Of course, as I’ve mentioned several times here, when you are republishing curated content, you have to be hands on. You can’t just take content that is already popular and shuffle it off to another platform or redistribute it on the same platform that content is already on. You’re probably not going to benefit all that much from that content’s viral appeal.
You have to play around with the title, as well as the commentary, and add more value to each piece of content. As you can probably tell, this can take quite some time and that is why I suggest that you hire a virtual assistant with solid English skills from places like Fiverr or you’re looking to save money, cognoplus.com.
If you need expert writing services, you might want to try Upwork or if you are operating on a budget but require very high quality, try ozki.org.
This guide gives away several secrets that you probably haven’t heard before. There is a reason why these secrets are not out in the open. They are unpopular. A lot of people who make their convincing living others that they can become instant overnight millionaires dong online marketing don’t want you to know about these secrets.
They don’t want you to know about the work involved.
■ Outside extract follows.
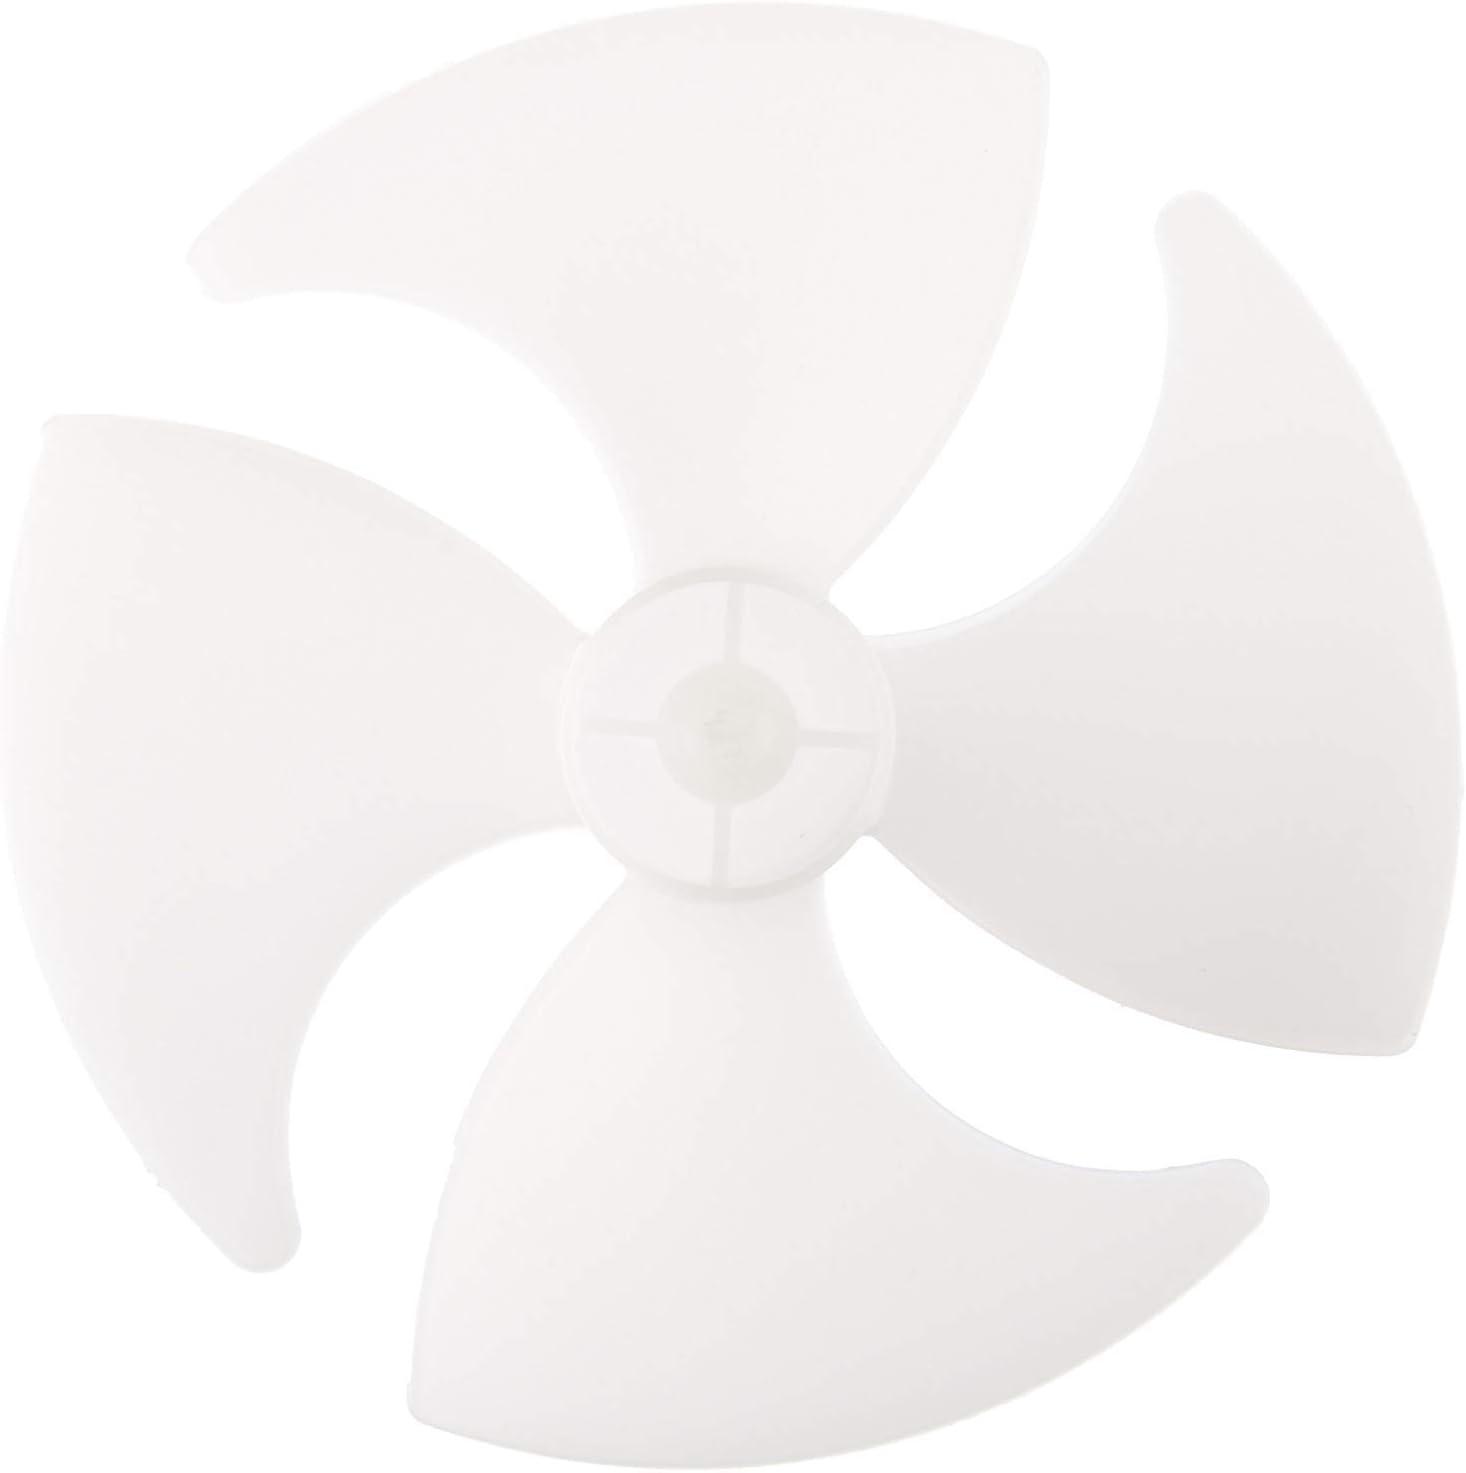 Lifetime Appliance 2169142 Evaporator Fan Motor Blade for Whirlpool, Maytag, KitchenAid, Jenn-Air, Amana, Refrigerators - WP2169142

They don’t want you to know that there is a shortcut involved. They don’t want you to know about the fact that you can shorten your path to success by reverse engineering other people’s success. They don’t want you to know the fact that you can use your competitors to do your homework for you.
They want to keep you in the dark about all of that. Why would they want to do it? Well, they want you to believe that if you create hot content, people will magically appear on your website. In other words, they want you to keep coming back to them for guidance. They don’t want to give you the raw framework you need so you can get started.
Now, please understand that I’m giving you a raw framework. You still need to constantly experiment, tweak and modify whatever it is you are doing to fir your circumstances. This enabled you to fine-tune your results and eventually achieve ultimate success. When working with viral content, it all boils down to finding what works and building on it.
If this is your mindset, you should succeed. But if you think that you need to poach other people’s work and put in very little time and effort in syndicating this material, you probably are not going to be all that successful. Remember, at the end of the day, it all boils down to the value you add to people’s lives.
That is the bottom line. If you execute all the tips and tricks that I’ve included in this guide with value in mind, you should end up doing pretty well. I wish you nothing but the greatest success.